Your healthcare provider will check your blood for cholinesterase before giving you pralidoxime. It's a cholinesterase re-activator and works well in the case of severe poisoning. When given early, it also helps relieve the nicotinic effects of organophosphate poisoning.

5. Skin Decontamination

Exposure to organophosphate may also lead to contamination of clothing, skin, hair, and eyes. Specific approaches are used for decontamination. It is important to flush the chemical from your eyes using clean water. You may take a shower if you're not experiencing other symptoms. Remove your clothing if you are experiencing certain symptoms of poisoning. Your doctor may recommend using surgical green soap for decontamination.
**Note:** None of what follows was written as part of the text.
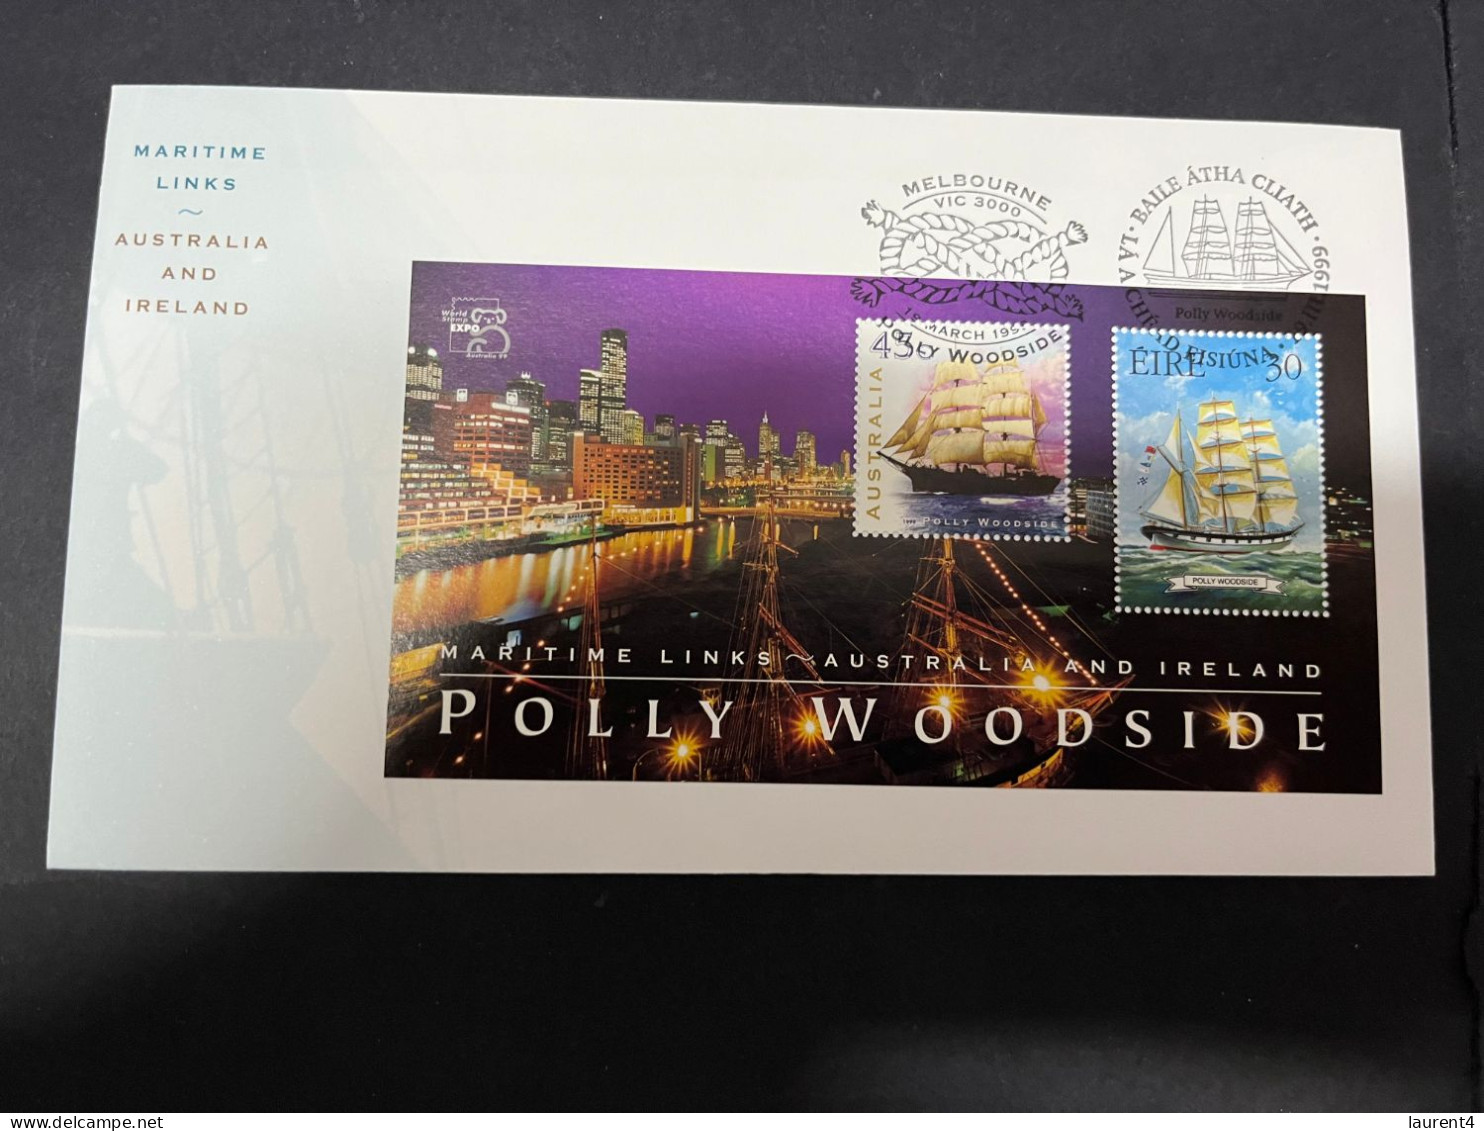 14-5-2024 (5 Z 9) Australia FDC - 1999 - (1 Cover) - Melbourne Stamp Show - Ireland / Australia Joint Issue (Polly Ship) - Primo Giorno D'emissione (FDC)

6. Gastrointestinal Decontamination

Your doctor will also consider gastrointestinal decontamination if you've been exposed to large quantity of organophosphate. They may not proceed with it if you have already vomited after being exposed to OPs.

7. Observation

Your doctor will keep you under observation for at least 72 hours to ensure you don't experience symptoms such as visual disturbances, sweating, diarrhea, vomiting, abdominal distress, and pulmonary edema. You may have to stay under observation for up to 14 days in case of severe poisoning.

8. Furosemide

Depending on your symptoms and condition, your doctor may also consider using furosemide. They would usually consider it when pulmonary edema persists in the lungs. However, they won't use it unless they have used atropine already.

9. Pulmonary Ventilation

It is extremely important to monitor pulmonary ventilation if you have been exposed to a large amount of organophosphate. Your doctor may keep you under observation and monitor pulmonary ventilation even after you have recovered from muscarinic symptoms. There are instances when respiratory failure developed a few days after organophosphate poisoning.

10. Cardio Pulmonary Monitoring

You will have to stay in hospital for a few days if you've ingested a large amount of organophosphate. Your doctor will monitor your cardiac status throughout the day via ECG recording. Some poisoning cases lead to significant cardiac toxicity.

11. Contraindications

There are several contraindicated drugs in organophosphate poisoning cases. The list includes succinylcholine, morphine, phenothiazines, theophylline, and reserpine. Your doctor may give you adrenergic amines only when you show marked hypotension or other specific signs.